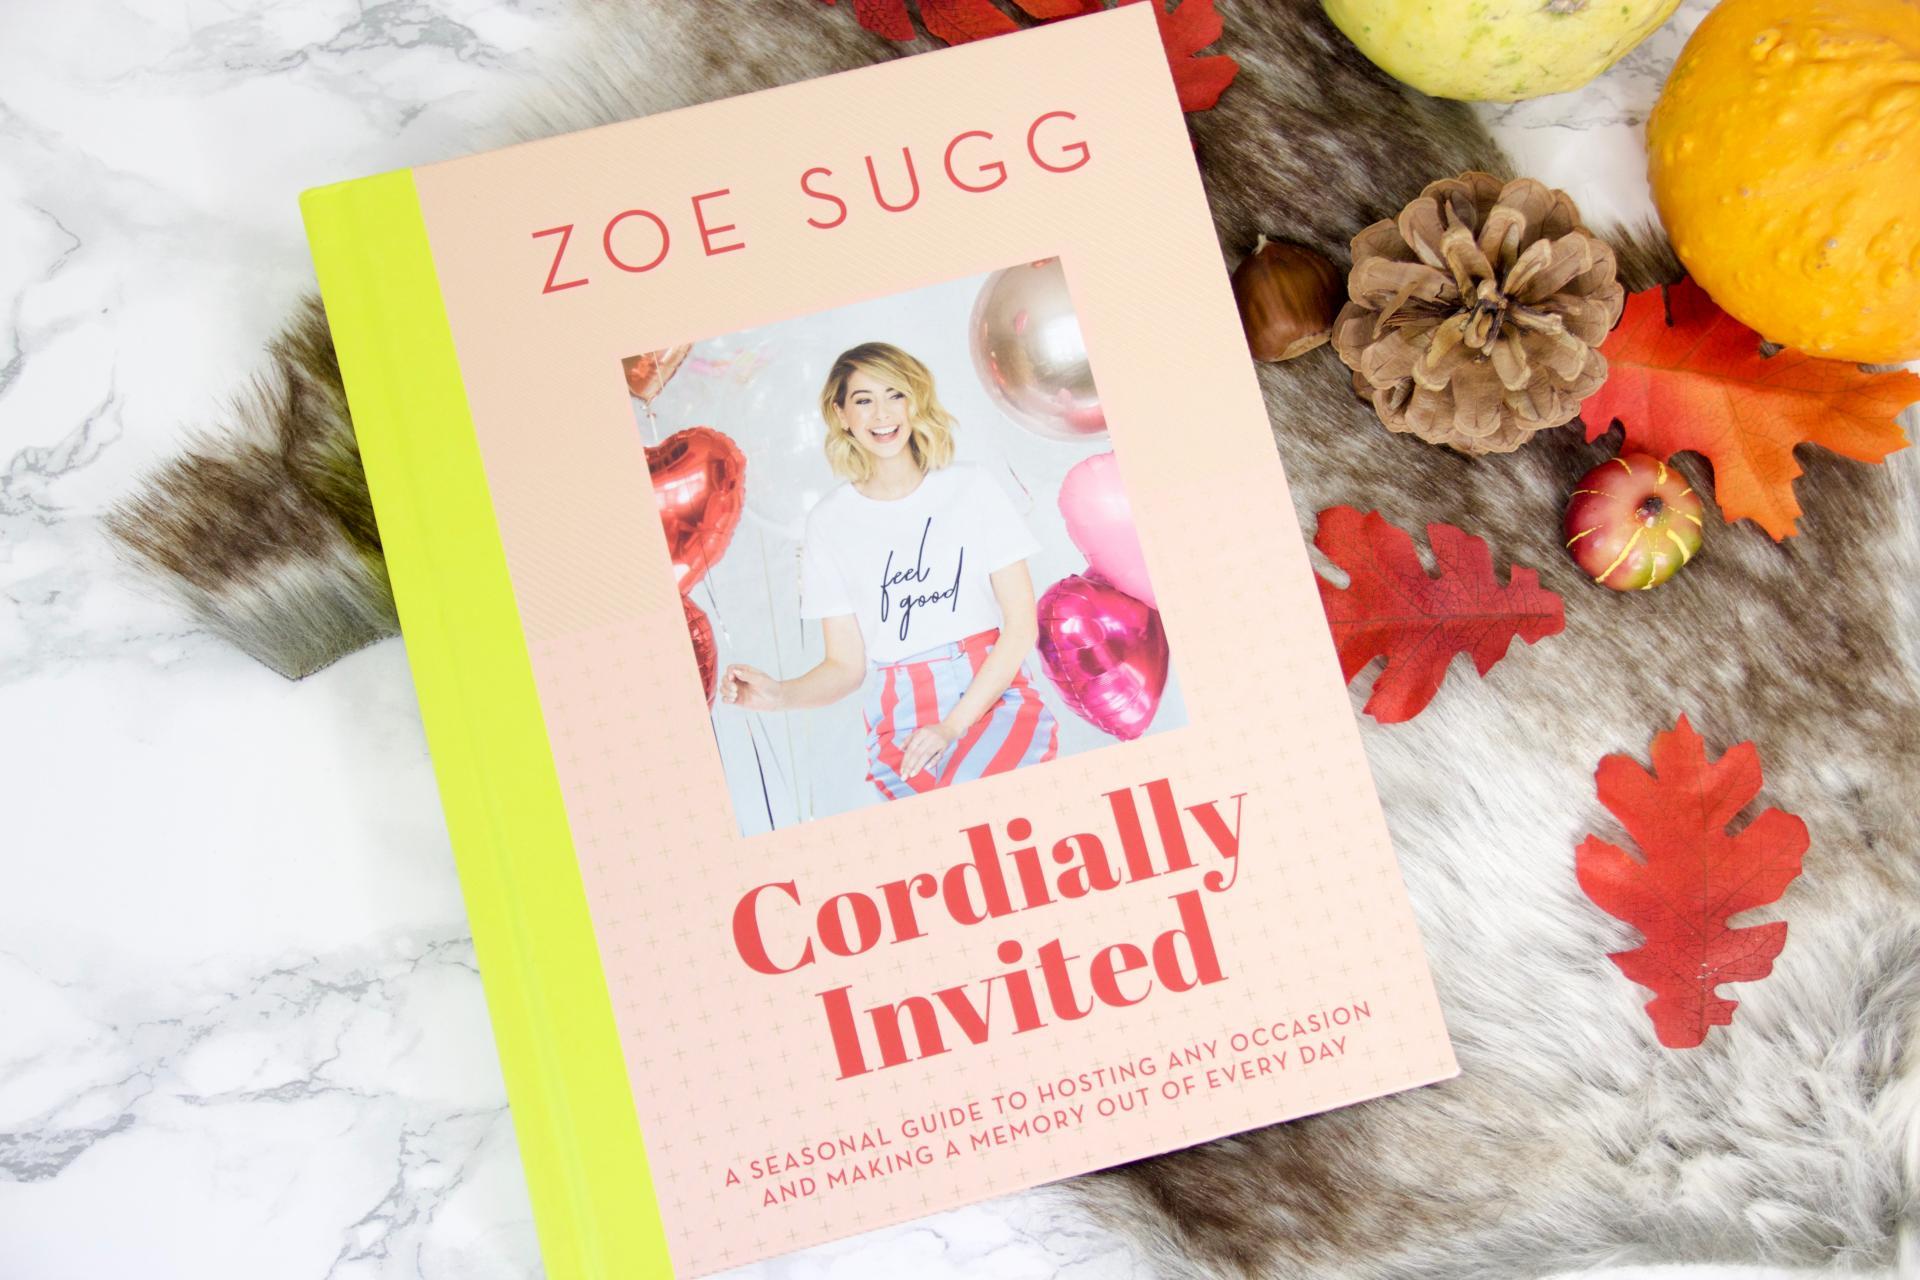 Cordially Invited Zoe Sugg
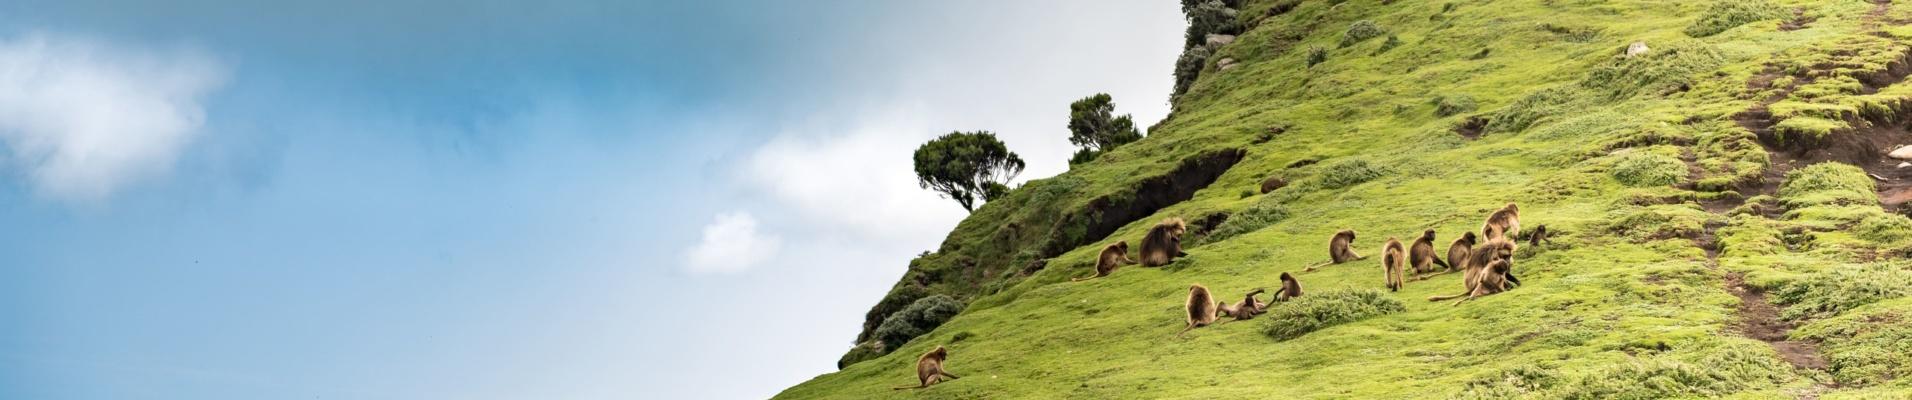 Babouins dans les montagnes du Simien en Ethiopie
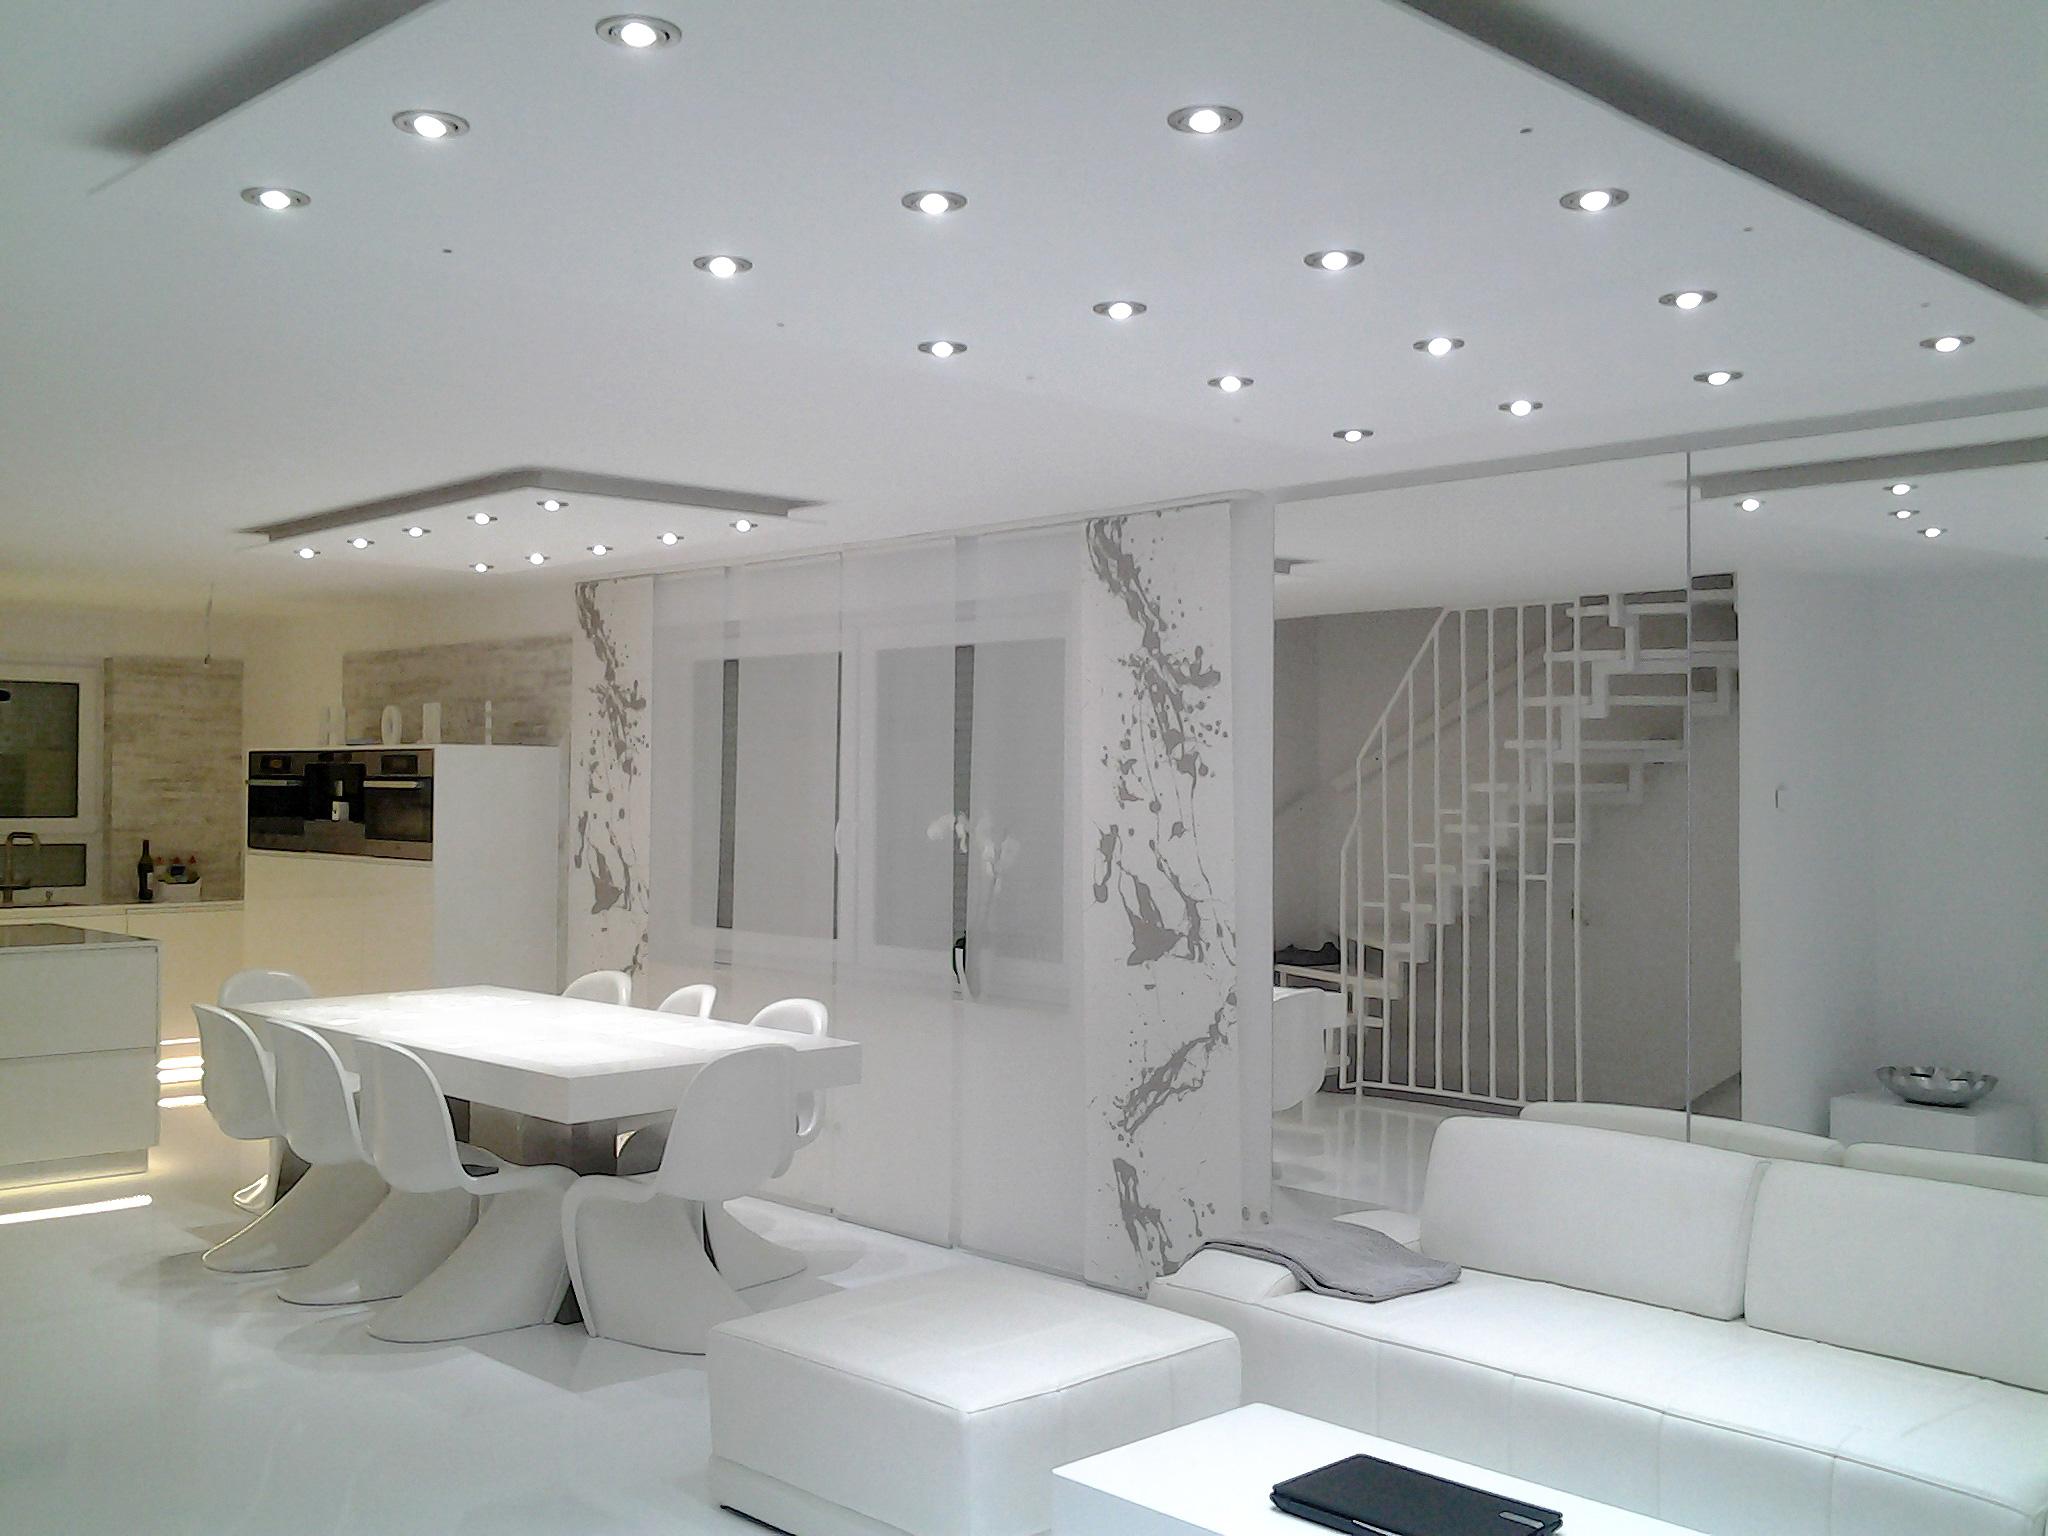 room design grey with color. Black Bedroom Furniture Sets. Home Design Ideas

= = =

**WORK INSTRUCTIONS:**
Copy the listing above exactly, minus the pictures.

**TASK SOLUTION:**
 Cordially Invited Zoe Sugg
 Babouins dans les montagnes du Simien en Ethiopie
 room design grey with color. Black Bedroom Furniture Sets. Home Design Ideas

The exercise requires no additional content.